Note Cedro is the glacé fruit of the citron tree. It's available from good delicatessens; if it's unavailable, substitute candied lemon peel.
Step into any pasticceria worth its salt - or should that be
sugar? - and pride of place is likely to be taken by a pile of
crisp-shelled cannoli bursting with a creamy ricotta filling and
snowy with a dusting of icing sugar. They're arguably Italy's most
recognised pastry, and once you bite into one, it's easy to
understand why: these Sicilian delicacies are difficult to
It's thought cannoli originated in western Sicily, around the Palermo region. The pastries were considered a springtime delicacy, as they were served as a treat during the Carnevale celebrations that took place before Lent. The original filling is believed to have been a combination of wine, rosewater and ricotta; traditionally it was made with sheep's milk ricotta, which, with Sicily's lush green spring pastures, was plentiful at that time of year.
Making your own cannoli may seem like a difficult task, but if you have a pasta machine and are willing to put in a little elbow grease, it's easier than you might think. And the dividend is well worth the effort: a freshly filled cannolo, with its shell still crisp, is a very different thing from most shop-bought versions, which often have been filled several hours earlier and are on the soft side as a result.
Cannoli dough is simple to make. Flour, sugar, eggs and butter are given a burst of flavour with the addition of vin santo and ground cinnamon, while the merest smidge of cocoa gives the finished cannoli a beautifully dusky tone. We found that kneading the dough by hand, rather than in a mixer, limited the risk of over-working the dough and gave the best result. As with any dough-making, resting time (for the dough, not the cook) is important, as it allows the strands of gluten in the dough to relax. Then it's just a case of rolling and folding, rolling and folding through your pasta machine until the dough is 2mm thick.
Cannolo - the singular form - is derived from the term canna, which means a cane-like reed such as sugar cane. In earlier centuries, this is what the cannoli pastry was moulded around. These days, cannoli can be moulded around purpose-made metal tubes, available from specialist kitchenware shops. Unless, however, you're a truly dedicated cannoli pasticciere, it's more practical to use dried cannelloni pasta tubes, as we have here. There are cannoli as thin as a cigarette (aptly called sigaretta) and as big as a fist, but we found the dried cannelloni produced an ideal size that are easy to handle and, more importantly, just the right size to warrant seconds. When wrapping and sealing the pastry around the cannelloni it's important to ensure no eggwhite gets onto the pasta tube; if it does, it makes it very difficult to remove the cannoli shell from the tube once it's cooked and ready for filling. You can re-use the cannelloni tubes if you like, cooking one batch and sliding the cannoli from the tubes before assembling more; just make sure you keep an eye on the cannoli as they cook, and be sure to turn them frequently so they cook evenly.

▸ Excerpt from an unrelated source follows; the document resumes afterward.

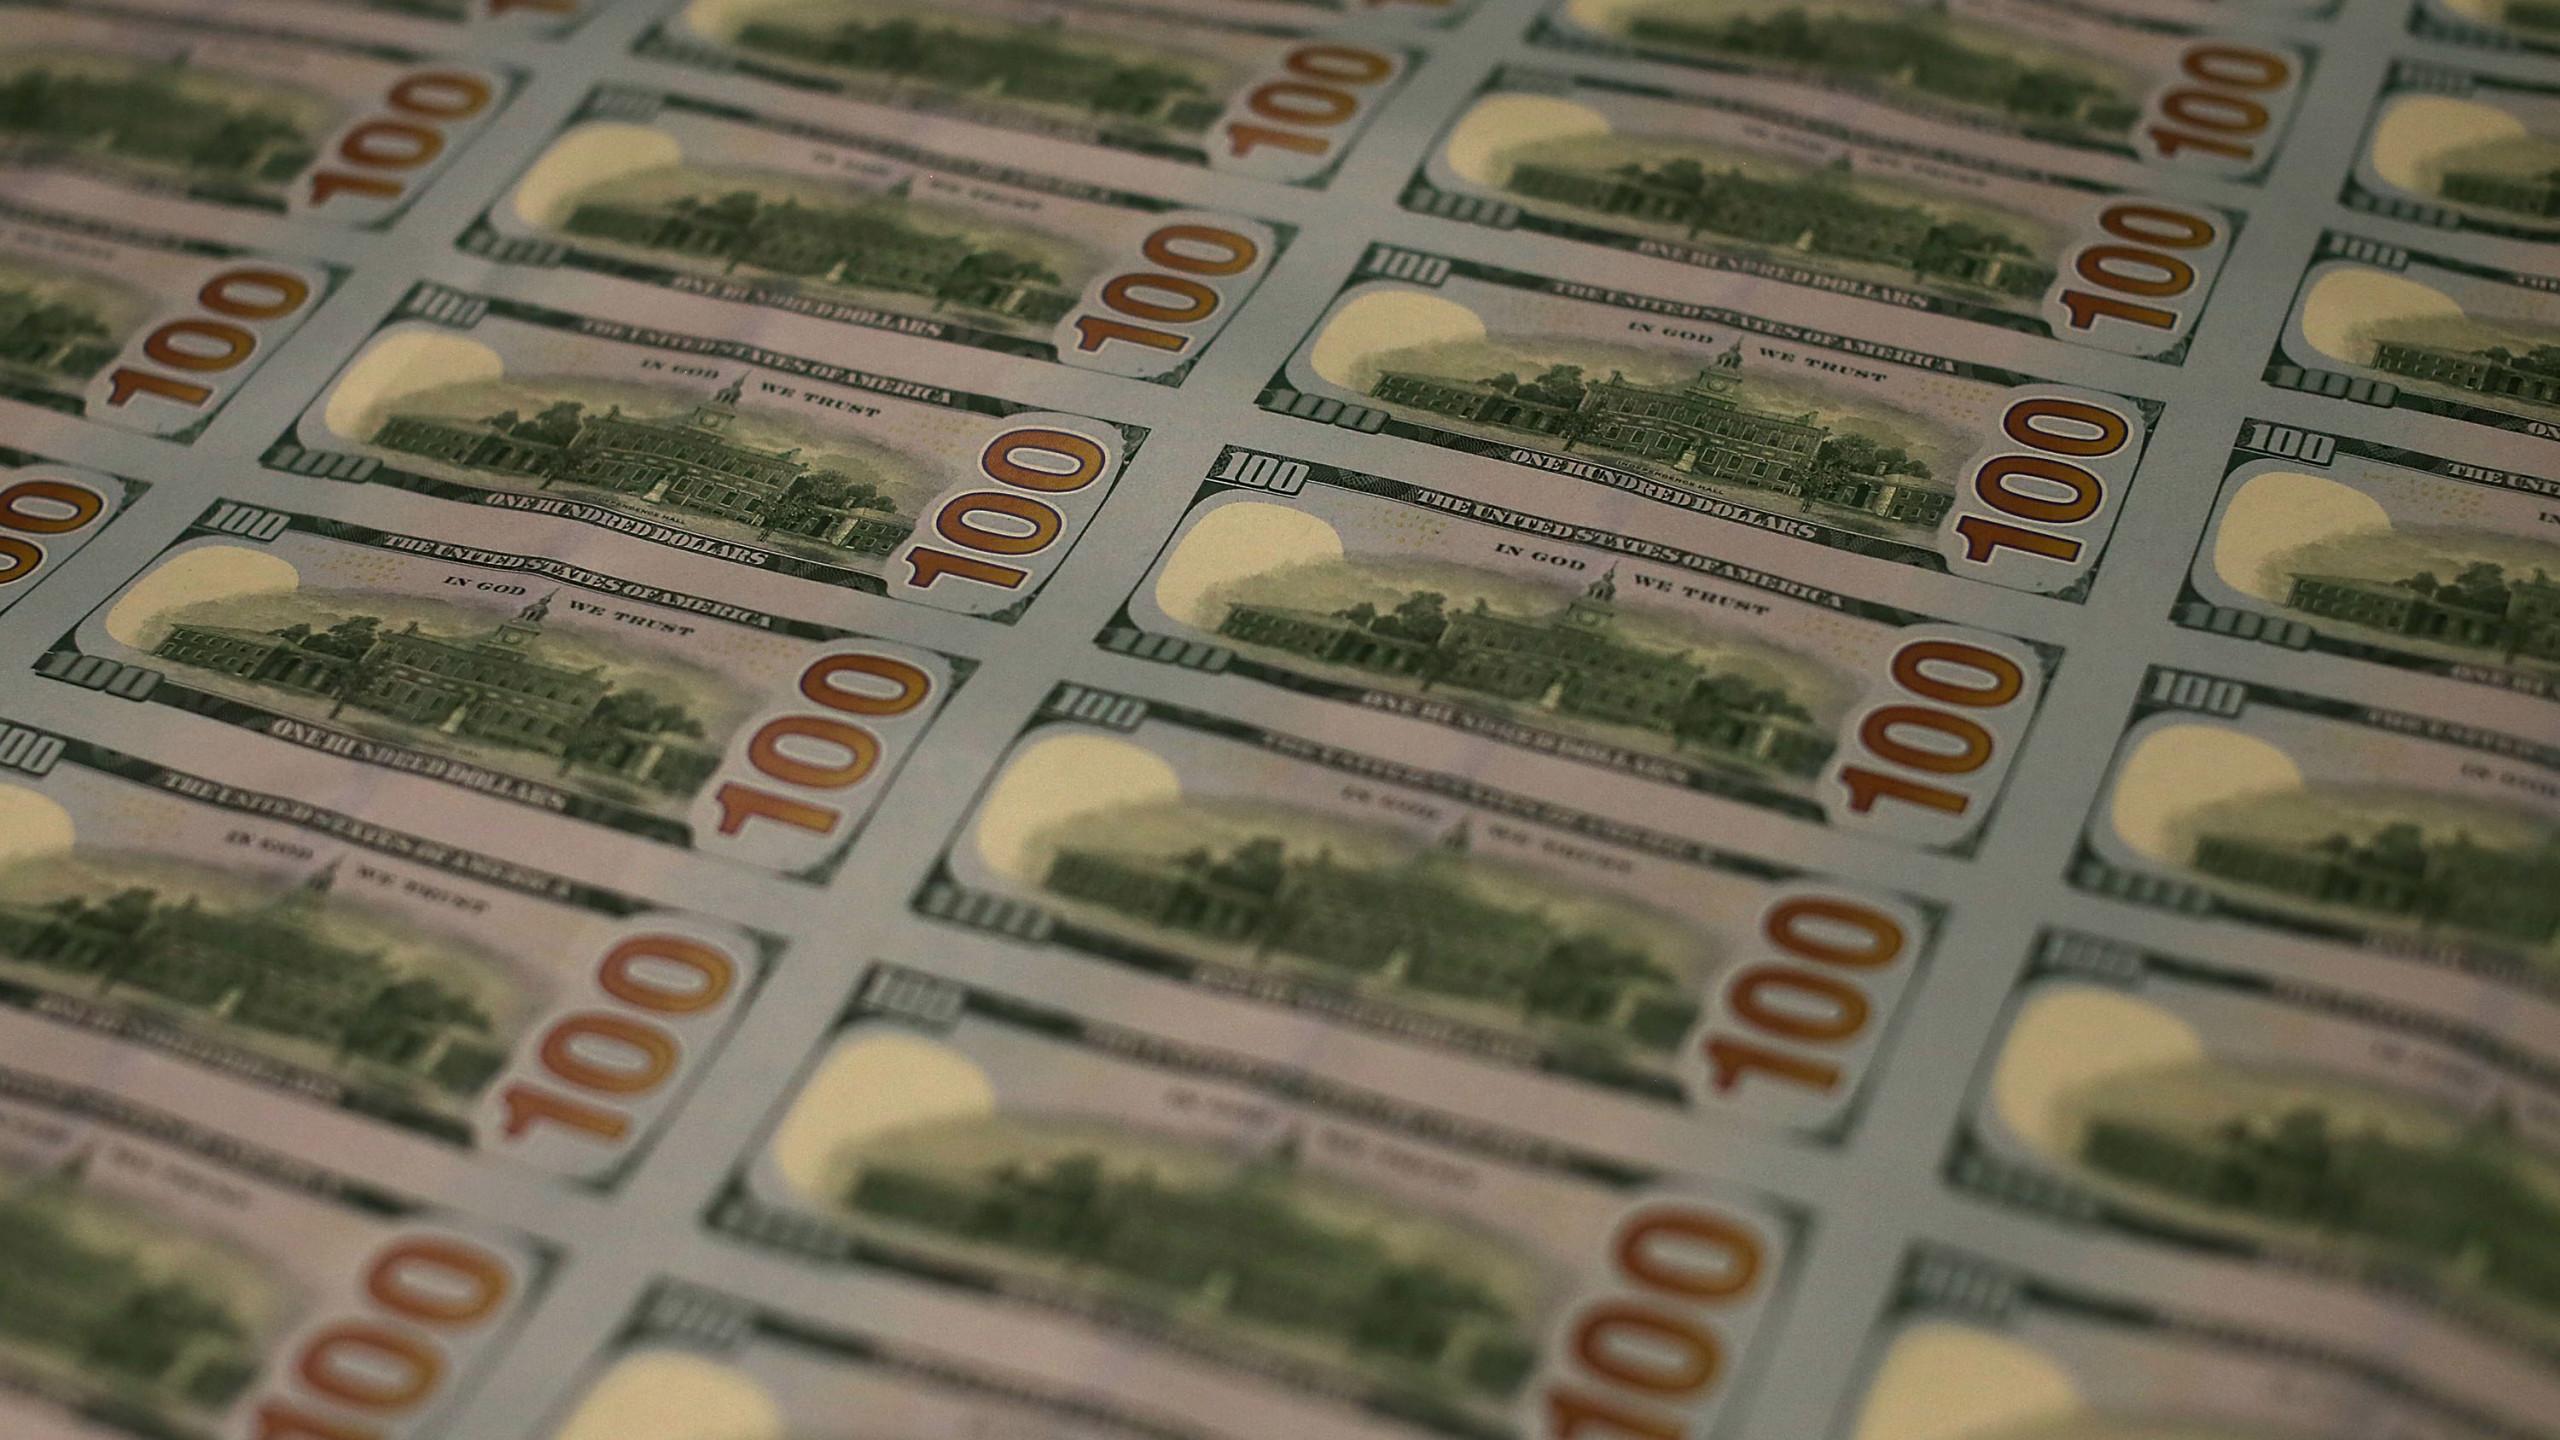 Treasure hunt to include 20 $100 bills hidden around Indy

Although a crisp and crunchy shell is imperative for achieving a quality cannolo, the perfect filling is also crucial. Sheep's milk ricotta is traditional, but it's not readily available, and today in pasticcerie and Italian delicatessens you'll find many cannoli made with cow's milk ricotta. That said, using the best-quality ricotta you can find will significantly influence the result. Buy ultra-fresh firm ricotta from a delicatessen or a deli counter with a high turnover, and if it looks a little watery, drain it overnight in the fridge in a muslin-lined sieve placed over a bowl.
The ultimate key to cannoli success is to fill the cannoli shells only moments before they're served.